» Work instructions
Only one span is wanted from the lines below: from the one with "Shannon Elizabeth is" up to and including the one with "da Vinci Mural". Copy it exactly, without images.

━━━━━ Recorded data ━━━━━

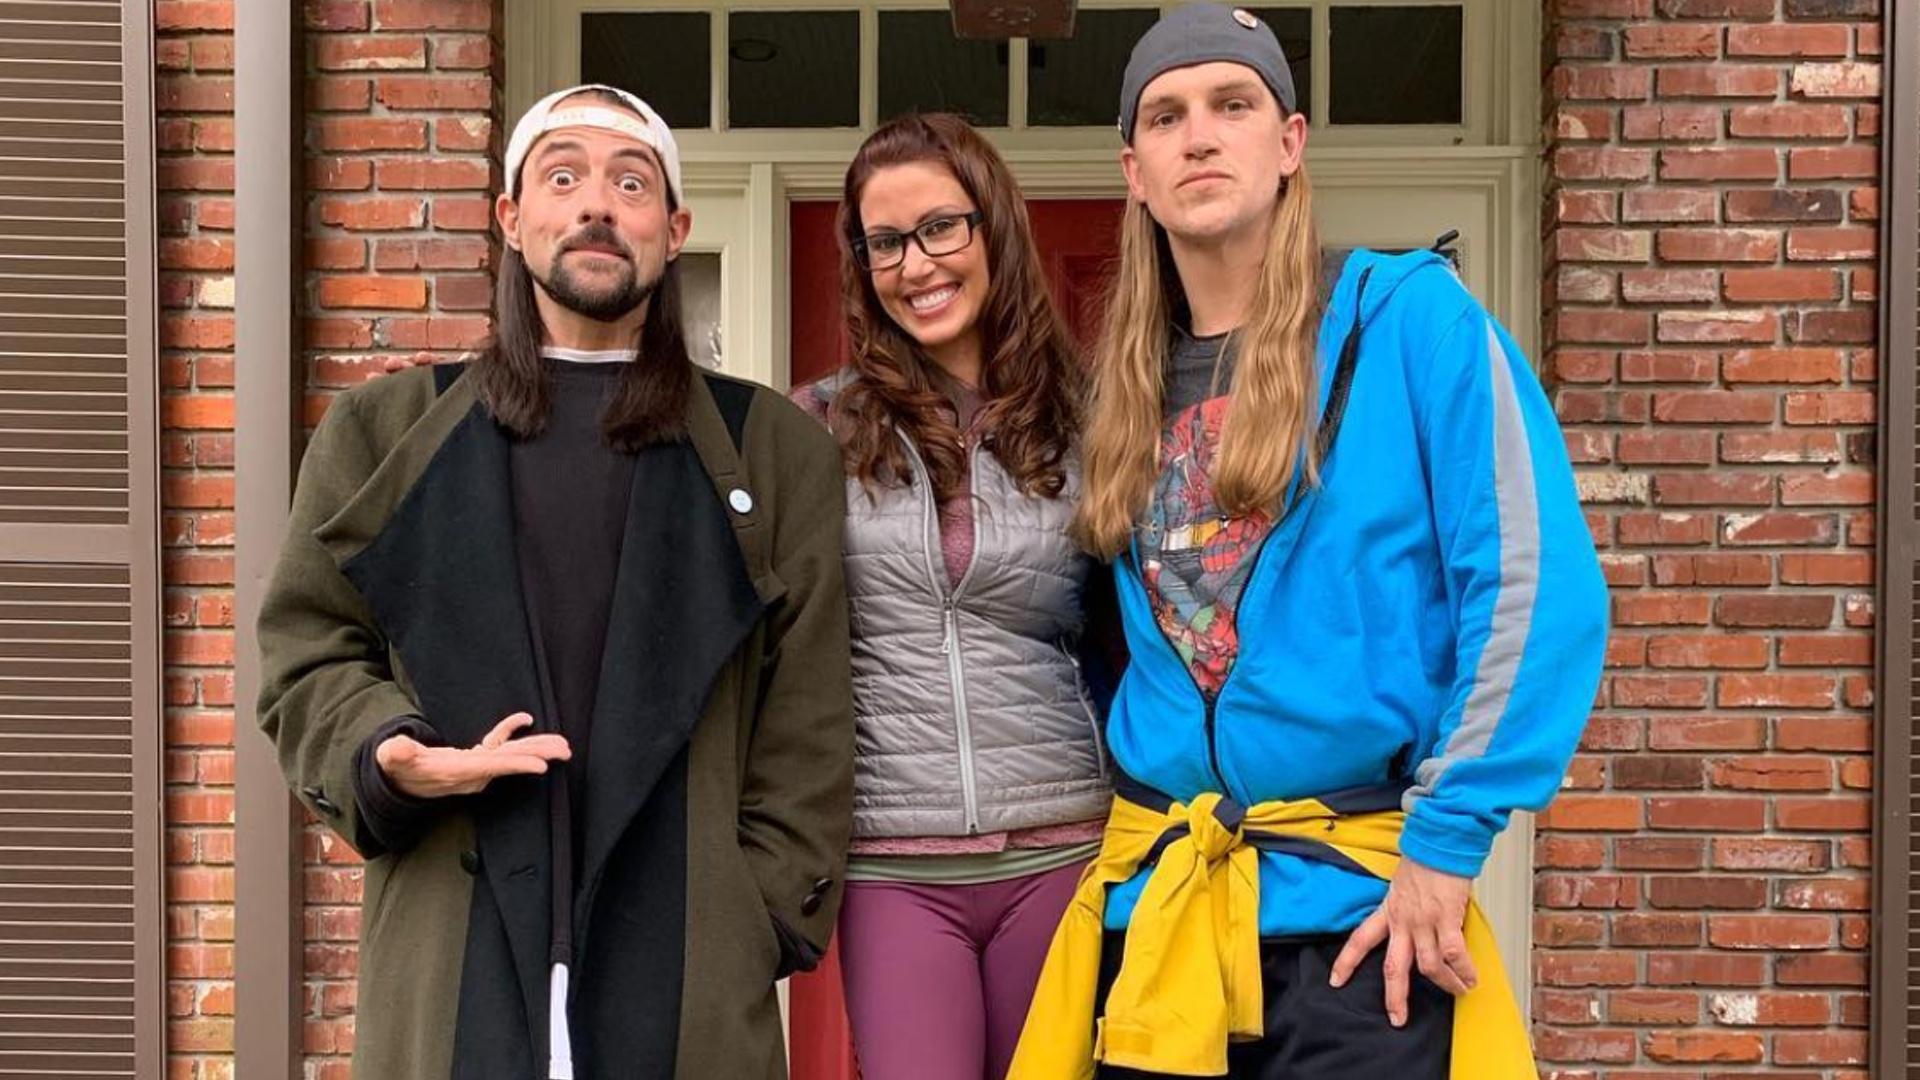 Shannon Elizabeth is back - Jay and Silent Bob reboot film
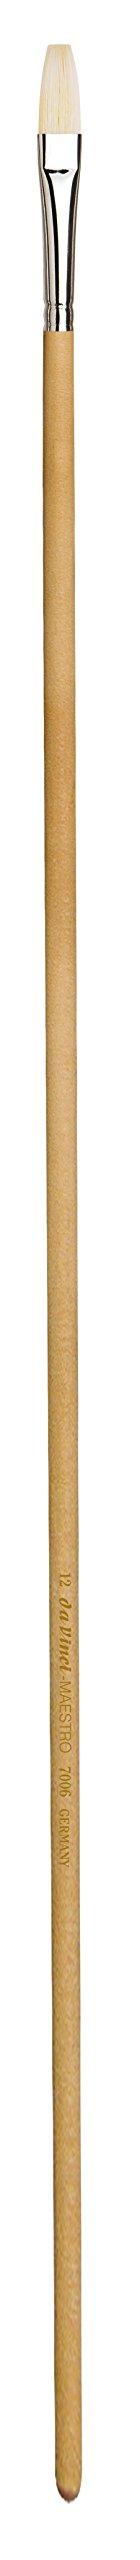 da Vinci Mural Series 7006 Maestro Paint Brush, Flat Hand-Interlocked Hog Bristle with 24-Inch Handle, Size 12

━━━━━
━━━━━ Recorded data ━━━━━

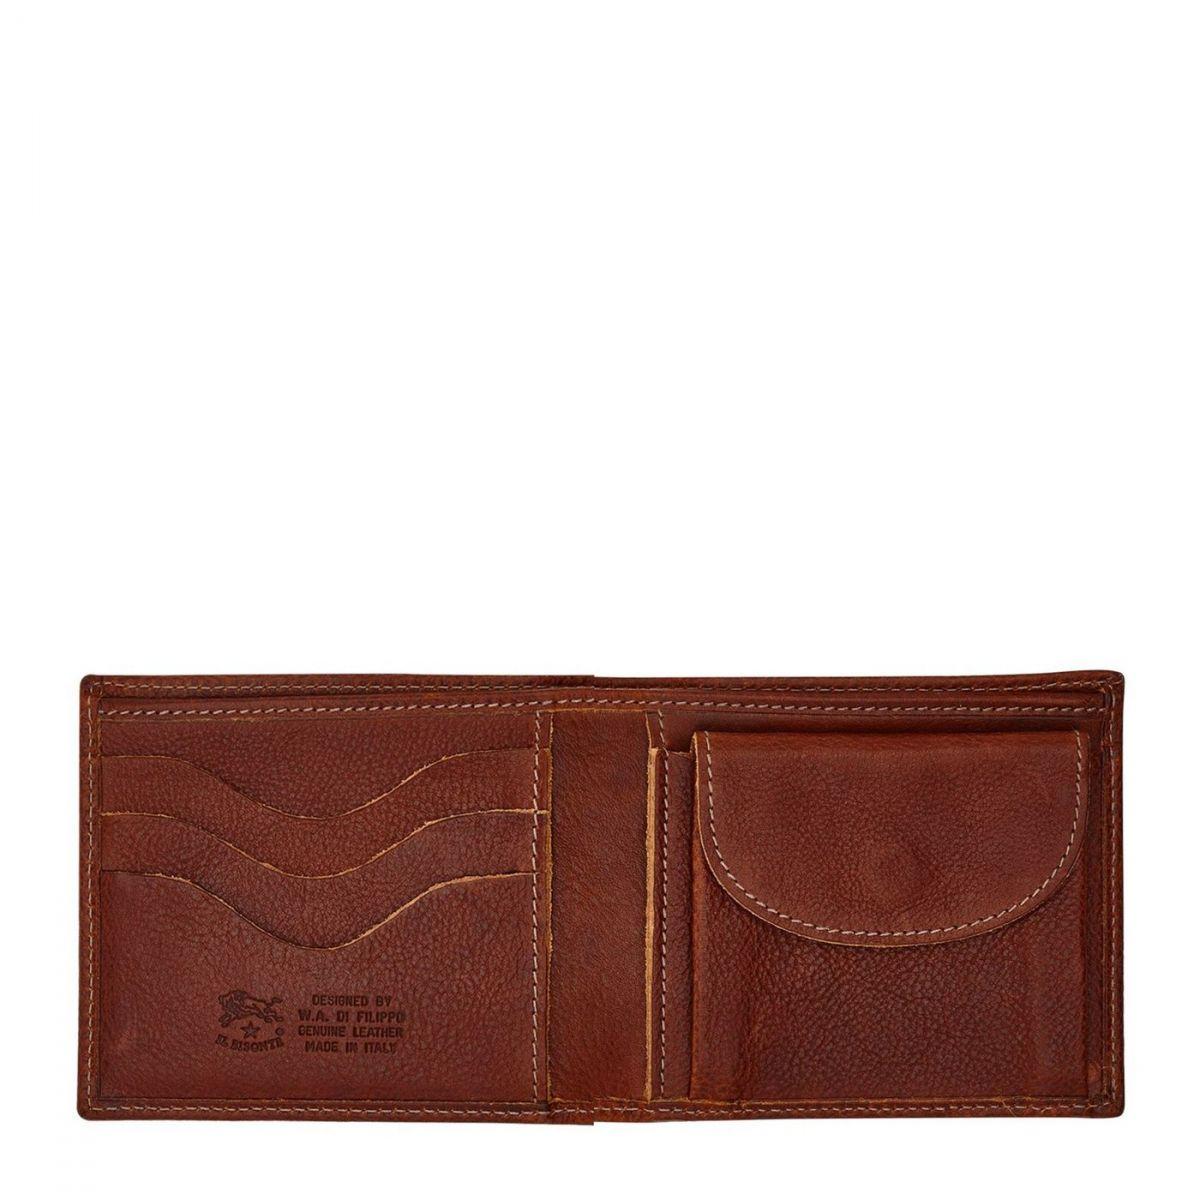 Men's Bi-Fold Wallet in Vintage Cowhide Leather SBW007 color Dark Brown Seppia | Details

━━━━━

» Your solution
 Shannon Elizabeth is back - Jay and Silent Bob reboot film
 da Vinci Mural Series 7006 Maestro Paint Brush, Flat Hand-Interlocked Hog Bristle with 24-Inch Handle, Size 12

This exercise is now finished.